It took a while to sort out the backfire problem but after some point in 1942 (?) many of the older manifolds were refitted to eliminate the screens and new engines didn't have them so trying to figure what was going on with 1941-2 test aircraft also gets a bit difficult.
 
Actually so did all the models when climbing with high boost, at least for the first 2 or 3 minutes. (A P-40D, as we know, actually had not 60, but more like about 350 more horespower available, up to around 8-10,000 ft)


The super P-40 gets a little old.

From a chart on the V-1710-33 engine. This is what the engine could make, not what it was rated at.
The chart has horizontal lines every 20hp and vertical lines every 500ft. So some of these could be off by 10-20hp

altitude..........................horsepower.
2000ft.................................1580
4000ft.................................1490
6000ft.................................1400
8000ft.................................1300
10,000ft.............................1220
12,000ft.............................1140

This is with NO RAM.
feel free to extend the altitude at a given power level by 2000-3000ft. However that ONLY works for max speed.
When Climbing or exiting a a tight turn the RAM effect, while present, is going to be much reduced.

Also note that while the Service squadrons used higher boost, the P-40D and E were never approved for higher boost. Neither were the long nose P-40s.

Here is the chart I worked from.

Please note that the "Specific Engine Flight Chart" has several errors as it apparently was an early one.
the 1040hp rating at 14,300ft was changed to 1090hp at 13,200ft. The 1090hp rating was at 38.9in.

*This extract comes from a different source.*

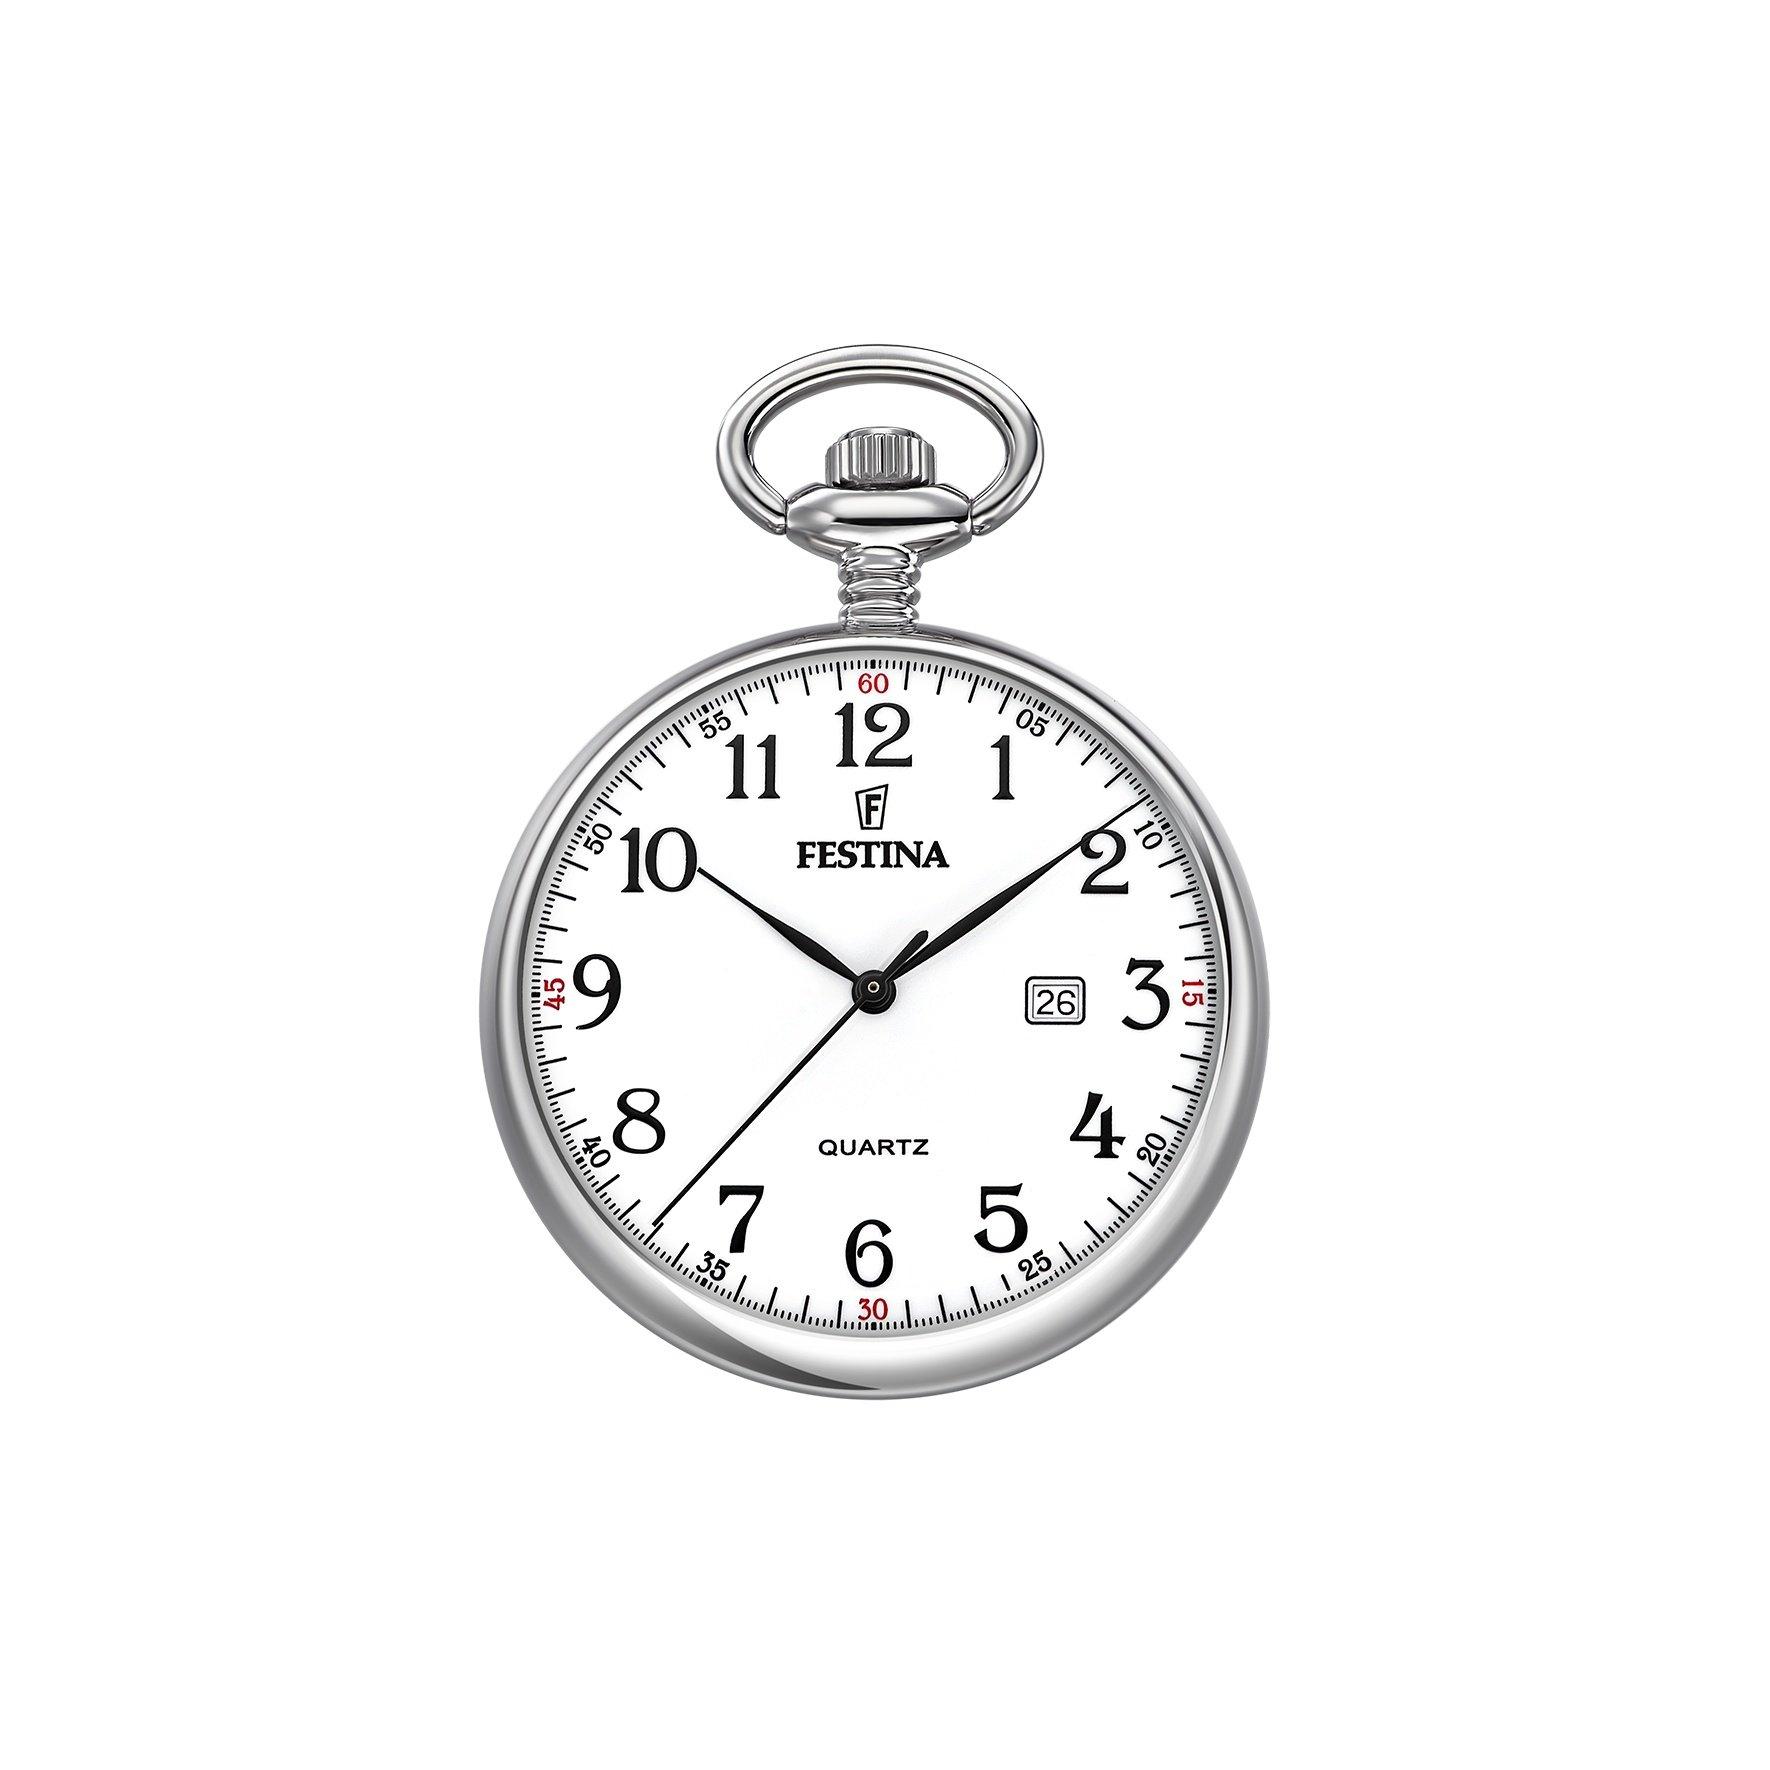 Kapesní hodinky Festina

In 1940 Allison was having a lot of trouble with -33 engine and there were a lot a changes made. The early engines had magnesium intake manifolds and several aircraft were lost when backfiring engines set fire to the manifolds and/or blew parts of the manifold off the engine. Of course having an engine blow a pressurized stream of fuel/air over a hot engine is going to lead to problems real quick.
It took quite a while but the major fix for the back firing problem was to change the valve clearance on the intake valves. The extra fraction of a second and/or the better sealing of the valves (clearance was set cold and as the engine got hot much or all of the clearance went away) but a lot of efforts was expended on sturdier intake manifolds that wouldn't blow off and the previously mentioned changes to back fire screens (polite name for flame arrestors in the manifolds) that required tweaking of manifold pressures to get the desired power output.

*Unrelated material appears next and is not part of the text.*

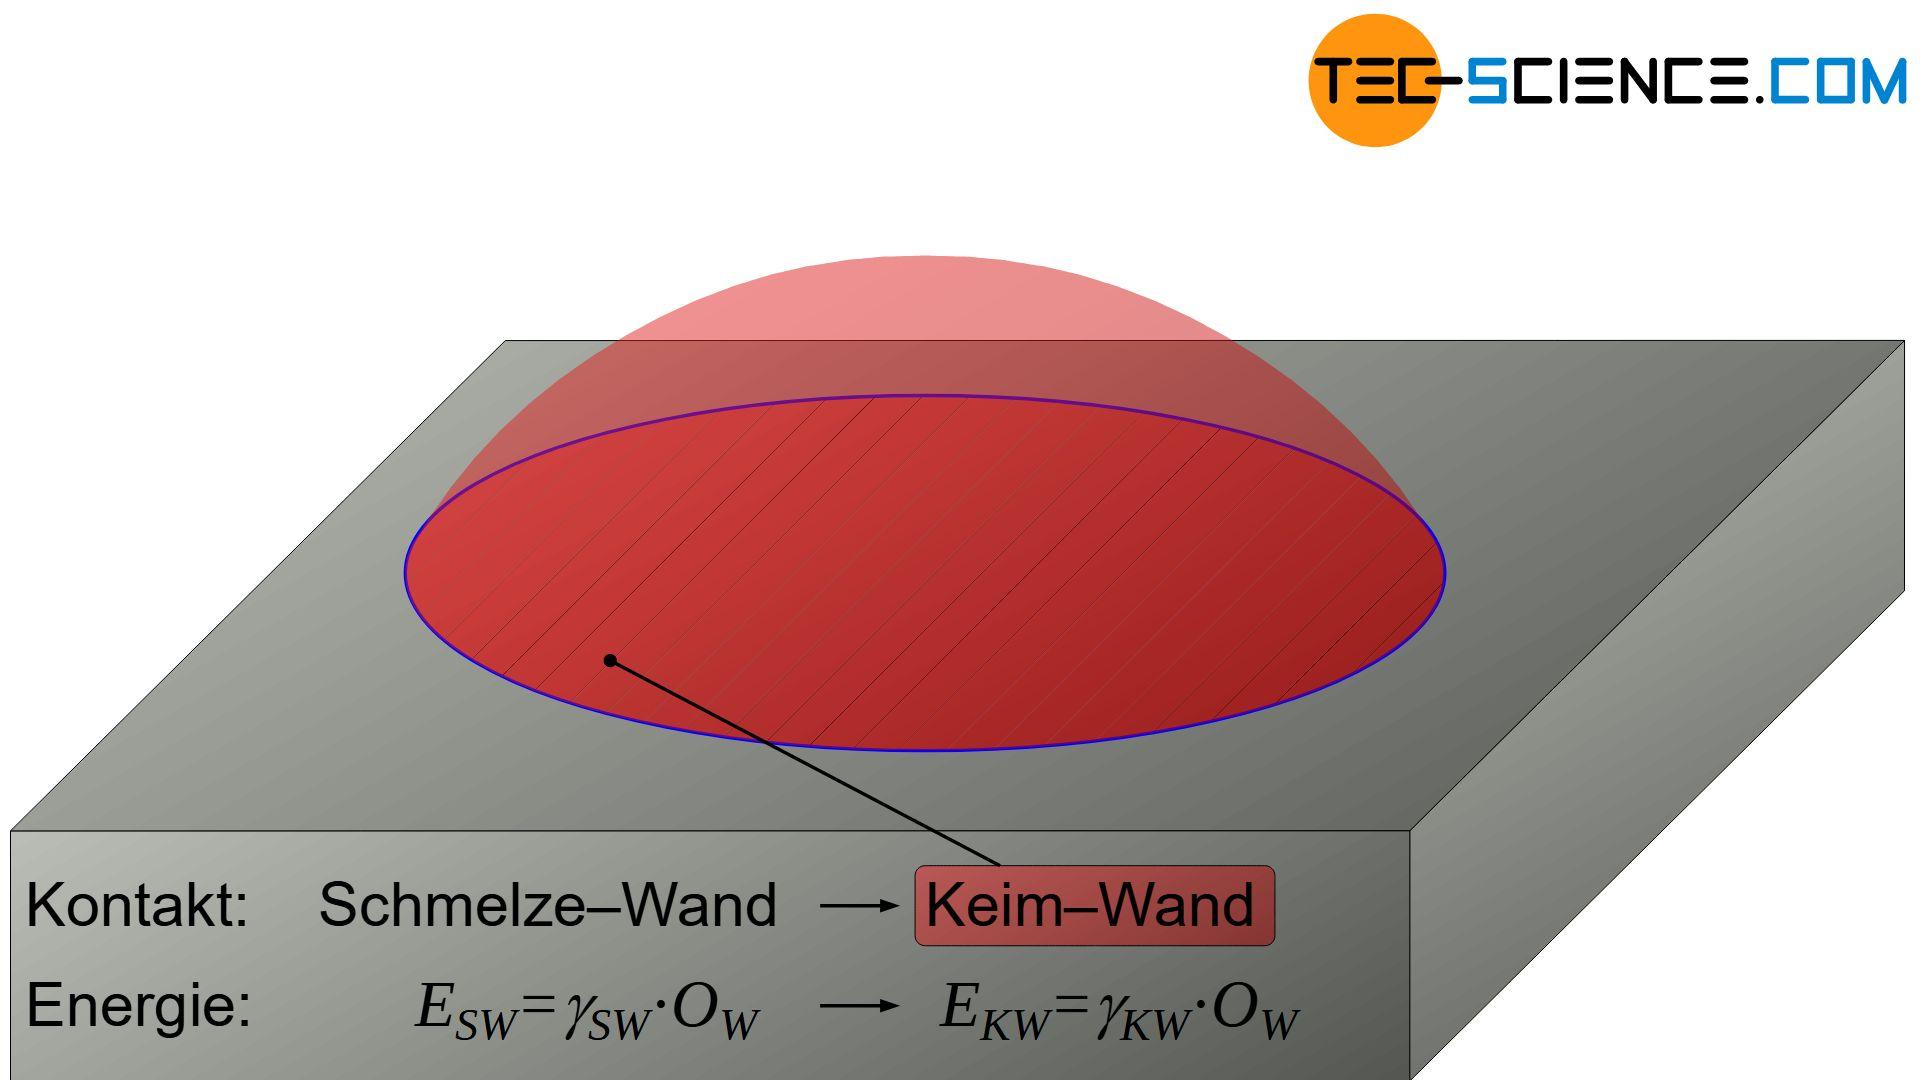 Oberflächenenergie zwischen Schmelze/Keim und Wand

These Allisons would make very large amounts of power at low altitude but it didn't extend upward as much as some people believe.
 

Not errors, just different ratings. It is chart from late manual, issued July 20, 1943. At this point P-40B/C were used only for training, even the front page of manual is saying RP-40B and RP-40C. I believe that is also reason for lower "Emergency Maximum", there is no need for full 1090 hp in training.
 

I'm definitely not making any kind of "super p40s" argument, and I think the obfuscation and sidestepping is getting pretty old.

I just would like in general for all aircraft to have more accurate information supersede the myths and tropes which is also I think what you claim to want to do. But I guess we all have our favorite tropes.

I'm not sure what your point is above but I guess you're saying that the V-1710-33 also theoretically had the same engine capacity as the - 39, -73 etc. Technically this is correct but contrary to your mystifying statement that they were not approved for higher boost, the Hawk 87 (D, E and all later models) WERE in fact approved for higher boost. In fact the specific engine charts and flight operation manuals for the 87, depending on the specific date, do indicate the 57-in Hg boost setting "officially", which provides in the neighborhood of 1450 horsepower all the way up to 8 to 10,000 ft depending on atmospheric conditions. Which is exactly what I said i.e. "350 horsepower or more" over what is indicated in the manual for the hawk 81. I actually downplayed it a bit since it's more than 400 hp over. The Allison memo on overboosting also specifically mentions the -39 and - 73 for which they note they agree to a 60-in setting which is over 1500 horsepower.

The hawk 81 models, although rumored to be used with over boosting so far as I know were never officially approved for higher boost settings. As you yourself have mentioned several times there are quite a few minor improvements done to the - 39 and - 73 engines which amounted to strengthening them for higher boost.

The -33 lacked these changes to crankshaft crank case bearings & so on, not to mention that higher octane fuel was not necessarily available when they were being used most, so 1400 horsepower etcetera is not as likely with a Hawk 81/ Tomahawk..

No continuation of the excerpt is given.